So here's what that bad Teddy has done this time.  In his agony over not actually having the power after all to unseat/destroy the sitting president, Barack Hussein Obama, and all the stray Democrats (a power he, sadly, truly believed he had--see first sentence below), he's gone back to his old Devil's Thesaurus to find just the right words to settle this thing once and for all.  At the 2014 Shooting, Hunting and Outdoor Trade Show (SHOT) last week, he took a moment to tell a reporter for Guns.com what he thought of Barack Obama. That Obama is one bad dude. He is, in fact, according to Teddy, a "sub-human mongrel."
  
Here's Teddy:
I have obviously failed to galvanize and prod, if not shame enough Americans to be ever vigilant not to let a Chicago communist, raised communist, educated communist, nurtured subhuman mongrel like the ACORN community organizer gangster Barack Hussein Obama to weasel his way into the top office of authority in the United States of America. I am heartbroken but I am not giving up. I think America will be America again when Barack Obama, [Attorney General] Eric Holder, Hillary Clinton, [Sen.] Dick Durbin, [former New York City Mayor] Michael Bloomberg and all of the liberal Democrats are in jail facing the just due punishment that their treasonous acts are clearly apparent.

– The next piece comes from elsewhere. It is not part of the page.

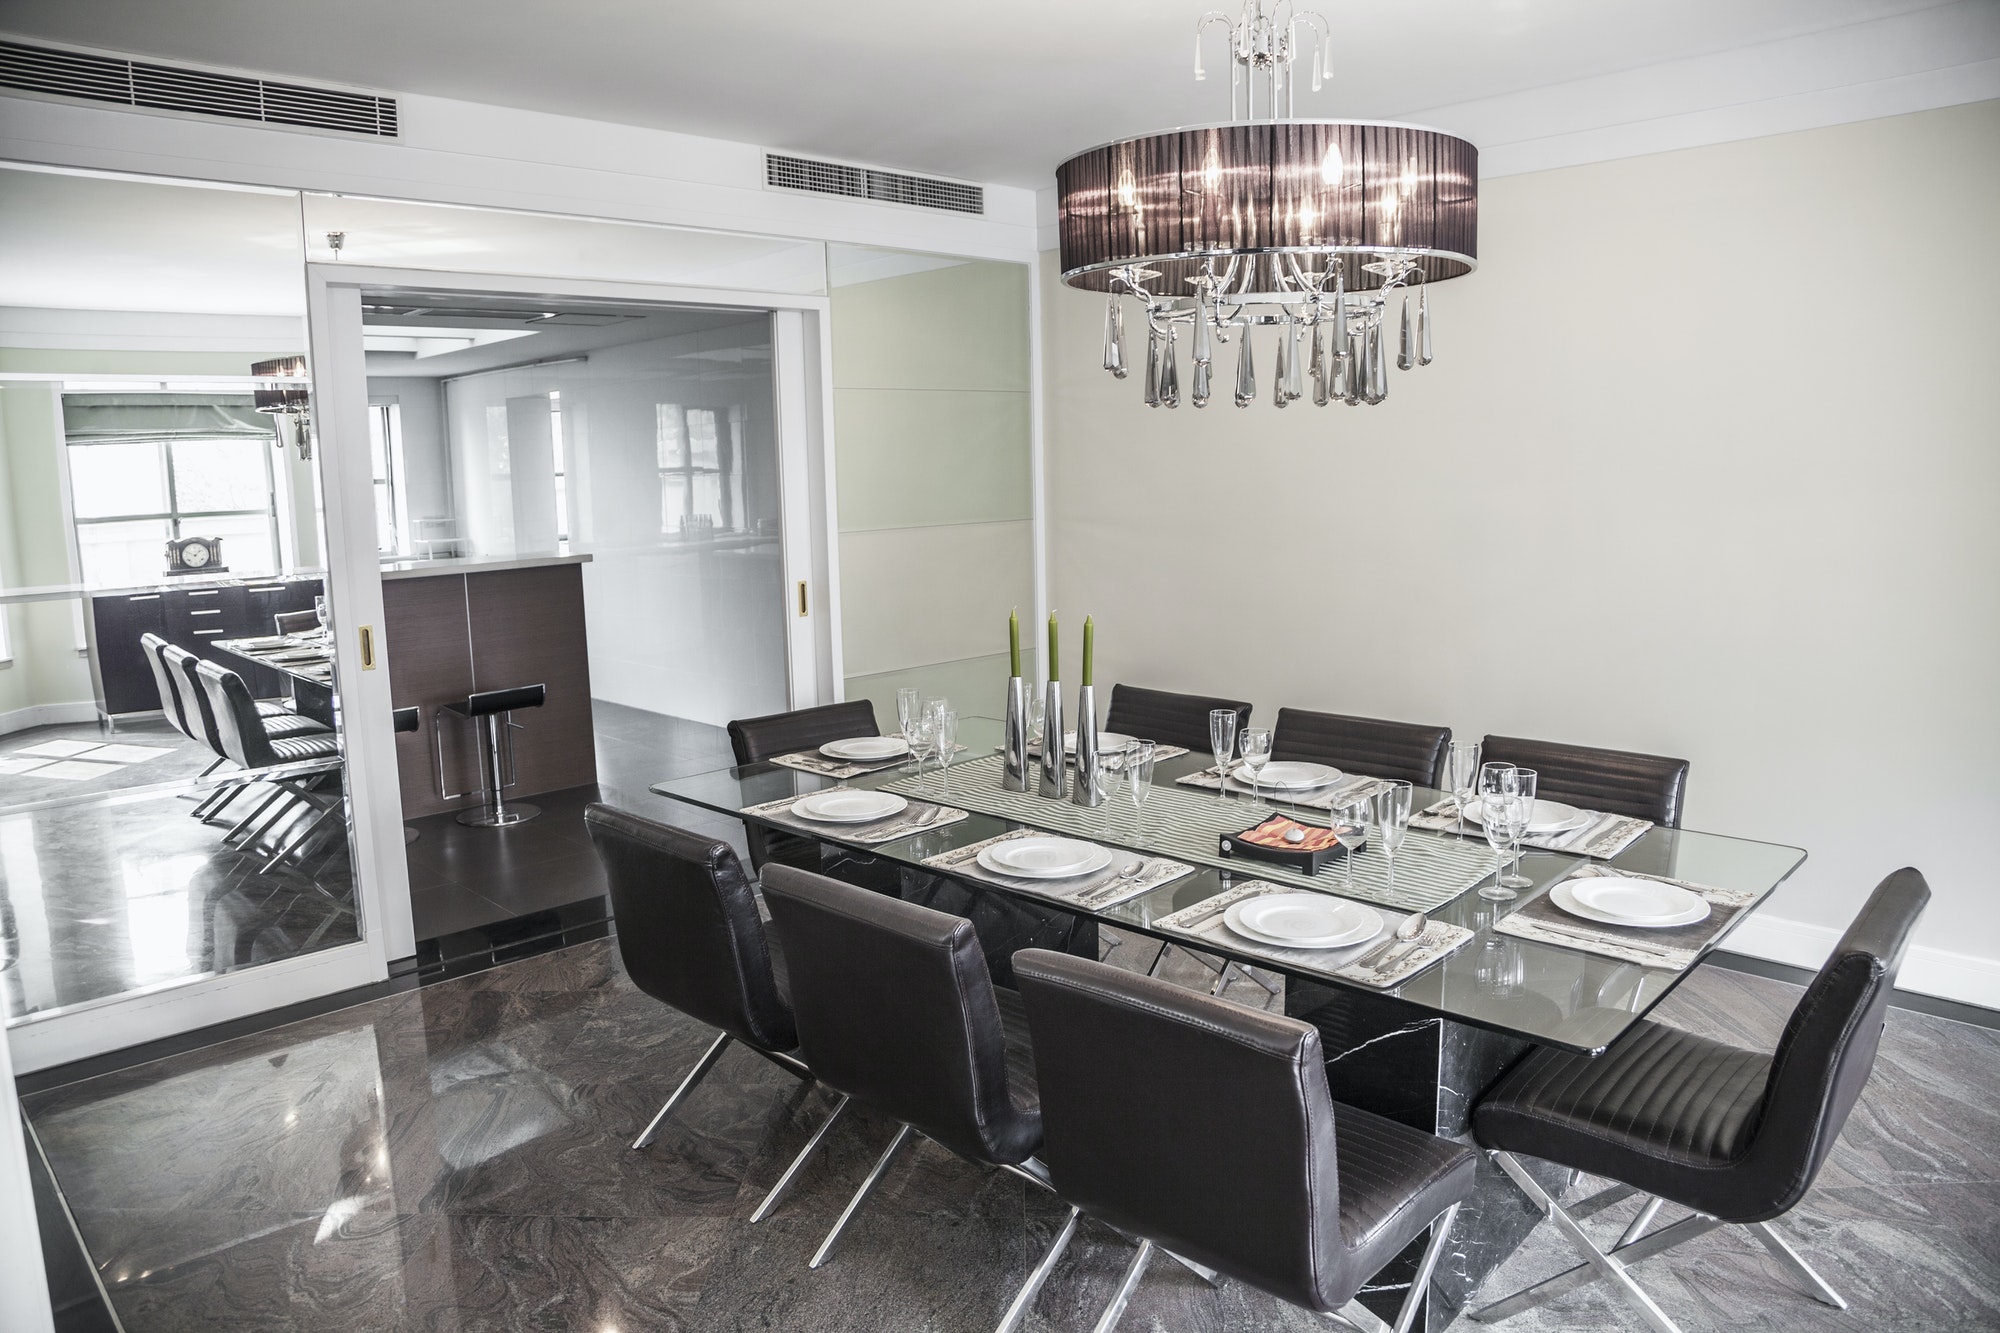 Dining room with modern furniture and chandelier.

So a lot of people would call that inflammatory speech. Well I would call it inflammatory speech when it's your job to protect Americans and you look into the television camera and say what difference does it make that I failed in my job to provide security and we have four dead Americans. What difference does that make? Not to a chimpanzee or Hillary Clinton, I guess it doesn't matter.

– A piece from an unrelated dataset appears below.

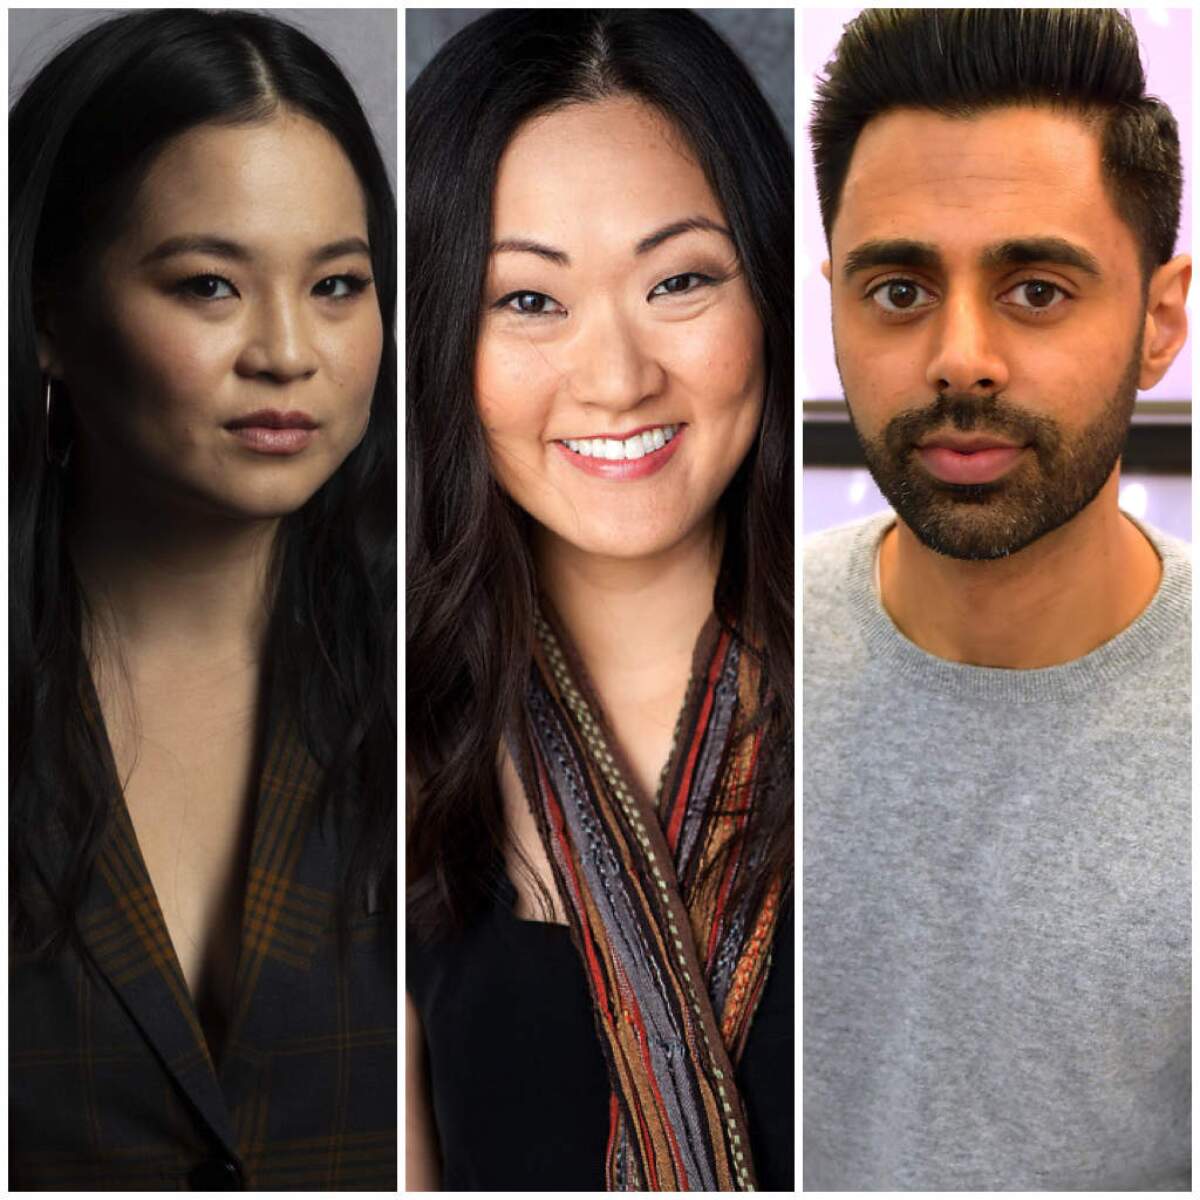 A photo triptych of Kelly Marie Tran, Jully Lee and Hasan Minhaj.

I don't know how Hillary got in there.  I would think it's because she could be a contender--a Democratic contender--in 2016, and that would be bad for his guys. But he's a Hillary-hater from way back.  At a 2007 concert he told Hillary to ride his machine gun and called her a worthless bitch.  (He had some choice words for Barbara Boxer and Diane Feinstein at that same concert, but you'll understand if I pass on posting them here. )

So.  Two things happened that gave Teddy the idea that he might be more than an old rock star--that he might actually have a future in galvanizing Americans to jump into rabbit holes and view the world in a topsy-turvy setting having nothing to do with reality:  The NRA gave him a position on their board, and Texas Tea Party congressman Steve Stockman got him a seat at last year's State of the Union address.

That last gig thrilled Teddy no end:




He had a good career going there for a while as a singer.  ("Cat Scratch Fever")  He could carry a tune and everything. ("Cat Scratch Fever")  But it could be that the crowds stopped coming (just guessing) and if he wanted to stay in the spotlight he had to find a new gig.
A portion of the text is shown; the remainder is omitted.